Generally, alloHSCT is not recommended in favorable-risk patients because risk of toxicity and/or transplantation-related mortality may exceed the benefit of the procedure. Specifically, the decision to perform alloHSCT depends on the assessment of the risk—benefit ratio (ie, nonrelapse mortality/morbidity vs reduction of relapse risk), which is based on cytogenetic and molecular genetic features at diagnosis, minimal residual disease status after induction and/or consolidation, and other patient-, donor-, and transplant-related characteristics, such as the patient’s age, comorbidities, organ function, and type of available donor. AlloHSCT is recommended when the relapse incidence without the procedure is expected to be more than 35% to 40%. Therefore, patients with intermediate- and adverse-risk AML may be considered for alloHSCT on a case-by-case basis. Elderly patients or patients with significant comorbidities may not be eligible for alloHSCT. Elderly patients who are not candidates for HSCT may be candidates for low-dose chemotherapy, which may include either low-dose cytarabine or hypomethylating agent (eg, decitabine or azacytidine)–based therapy.16

Refractory AML and Progressive Disease

AML is characterized by poor long-term outcomes. Without any anti-AML therapy, the outcomes are further worsened.36,37 In a study of 4058 patients with AML, 43% received chemotherapy and 57% received best supportive care only. Nearly 70% of patients treated with chemotherapy died within 1 year of treatment, with a median survival of 7 months, whereas of the patients treated with supportive care only, the median survival was only 1.5 months and 95% died within 1 year. For this study, patient age and Charlson Comorbidity Index score were the primary predictors of whether a patient received chemotherapy.37

Although most patients who undergo induction therapy will initially achieve a CR, the most common cause of death is subsequent relapse of disease.
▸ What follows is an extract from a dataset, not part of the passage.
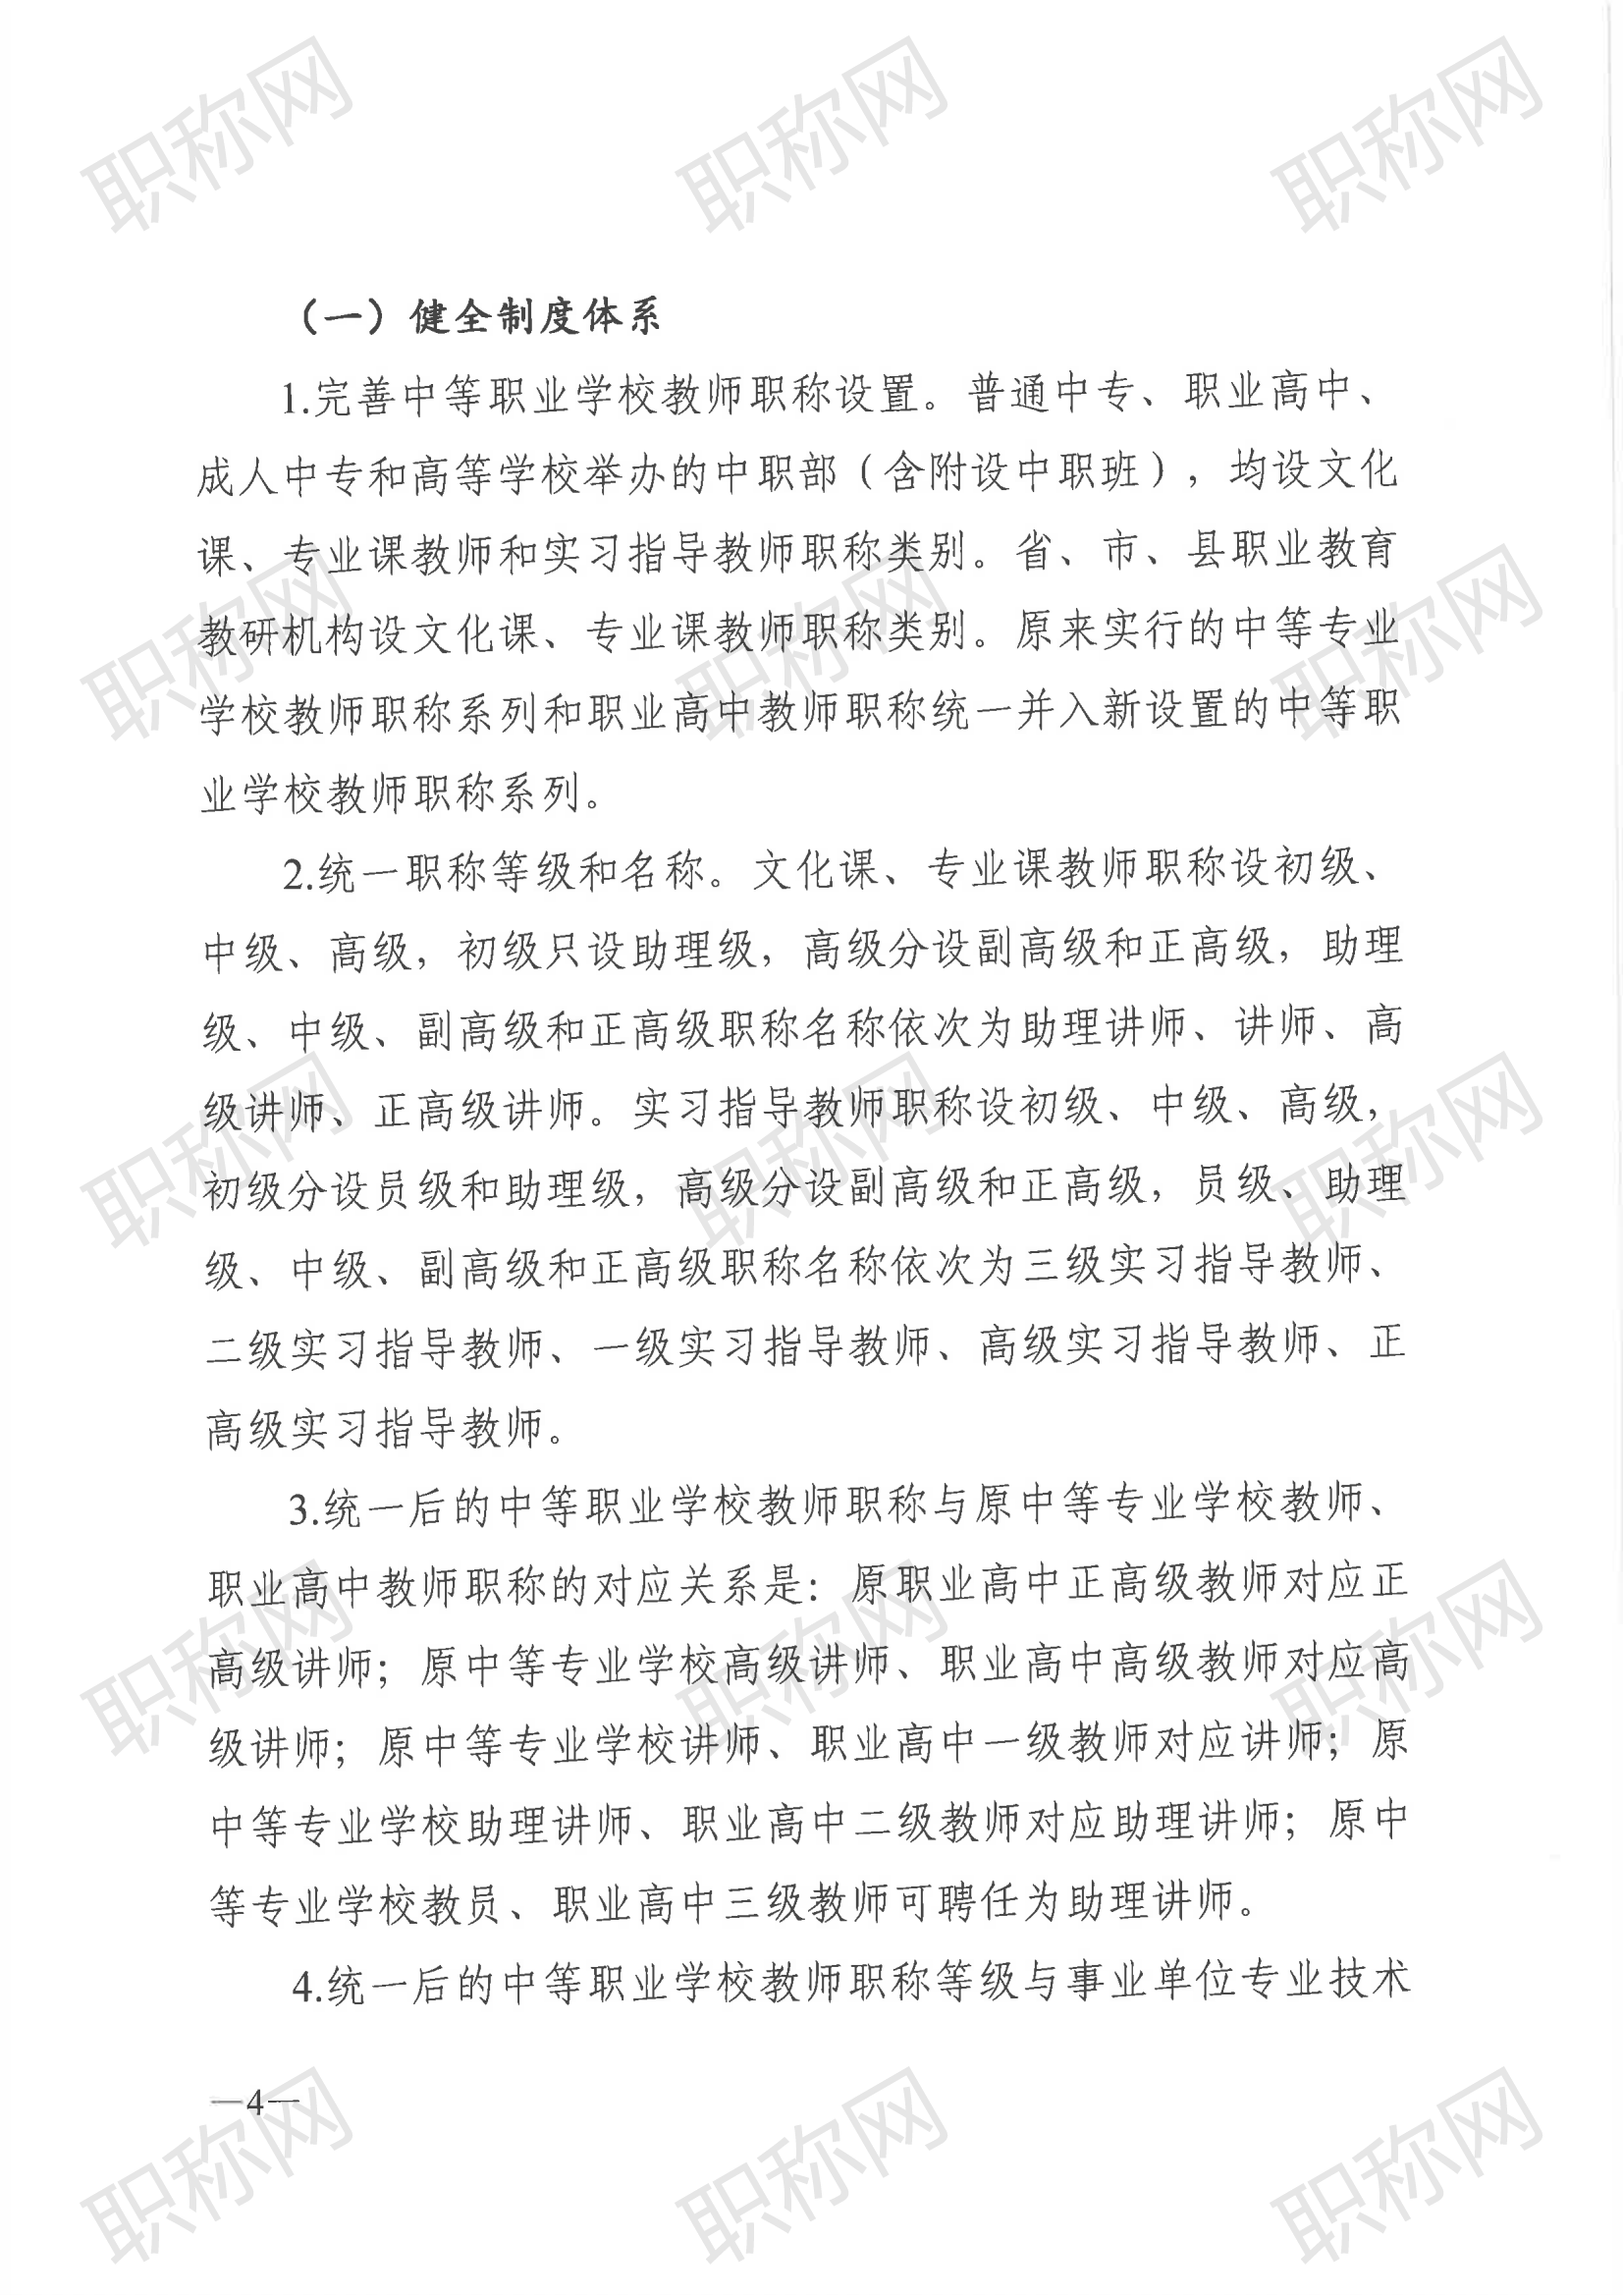 广东省深化中等职业学校教师职称制度改革实施方案》的通知_03.png

Walter et al found that, after 1 to 2 courses of induction therapy, CR was achieved in 79% of patients with newly diagnosed AML; however, 57% were either primary refractory or had RFS of 12 months or less.38 Treatment options for R/R AML include aggressive therapies, such as high-dose cytarabine (HiDAC)-based therapies (single agent or combinations such as fludarabine/Ara-C/granulocyte colonocy-stimulating factor/idarubicin [FLAG-Ida], cladribine/idarubicin/Ara-C [CLIA], mitoxantrone/etoposide/Ara-C [MEC], and others) that are aimed at providing a bridge to alloHSCT, considered the only potentially curative option for patients with R/R AML.39 With HiDAC-based therapies, toxicities such as neutropenic fever, infection, and neurotoxicity are concerns. Furthermore, 1-year and 5-year OS for R/R patients are roughly 29% and 11%, respectively, and as few as one-third of patients may proceed to alloHSCT.40,41 Barriers to receiving alloHSCT include procuring suitable donors for patients, maintaining a good performance status, being free of infections, and harboring minimal comorbidities while maintaining a remission.42 The remaining alternatives are less-aggressive therapies such as hypomethylating agents or low-dose cytarabine, as well as best supportive care with palliative intent for patients who are not candidates for an aggressive approach.19

For patients with relapsed AML who are able to proceed to alloHSCT, the outlook remains grim. Bejanyan et al examined a large group of patients with relapsed AML (N = 1788) who had their relapse after alloHSCT. In this group, the median time from transplantation to relapse was 7 months. The majority of patients received treatment for the relapse after alloHSCT, which included chemotherapy, a second HSCT with or without chemotherapy, and/or donor lymphocyte infusion, or donor lymphocyte infusion with or without chemotherapy. Outcomes were poor, with only 15% of patients achieving a subsequent CR. Survival at 1 year after transplant was 23%, and estimated 3-year survival dropped to 8%.43 Nonetheless, alloHSCT remains the only realistic hope for a cure in patients with relapsed AML. Therefore, it is apparent that options for patients who have R/R AML are inadequate.

Economic Burden of AML

AML accounts for approximately 1.1% of new cancer cases each year in the United States.2 Despite the relatively low incidence rate of AML compared with other cancers, the economic burden of AML to commercial insurers in the United States is substantial.44 For patients with AML, the driving cost component is hospitalization-related costs during induction therapy and alloHSCT-related costs. After induction therapy is complete, costs associated with outpatient care for pharmacy, laboratory monitoring, and doctor’s visits may depend on response to induction therapy.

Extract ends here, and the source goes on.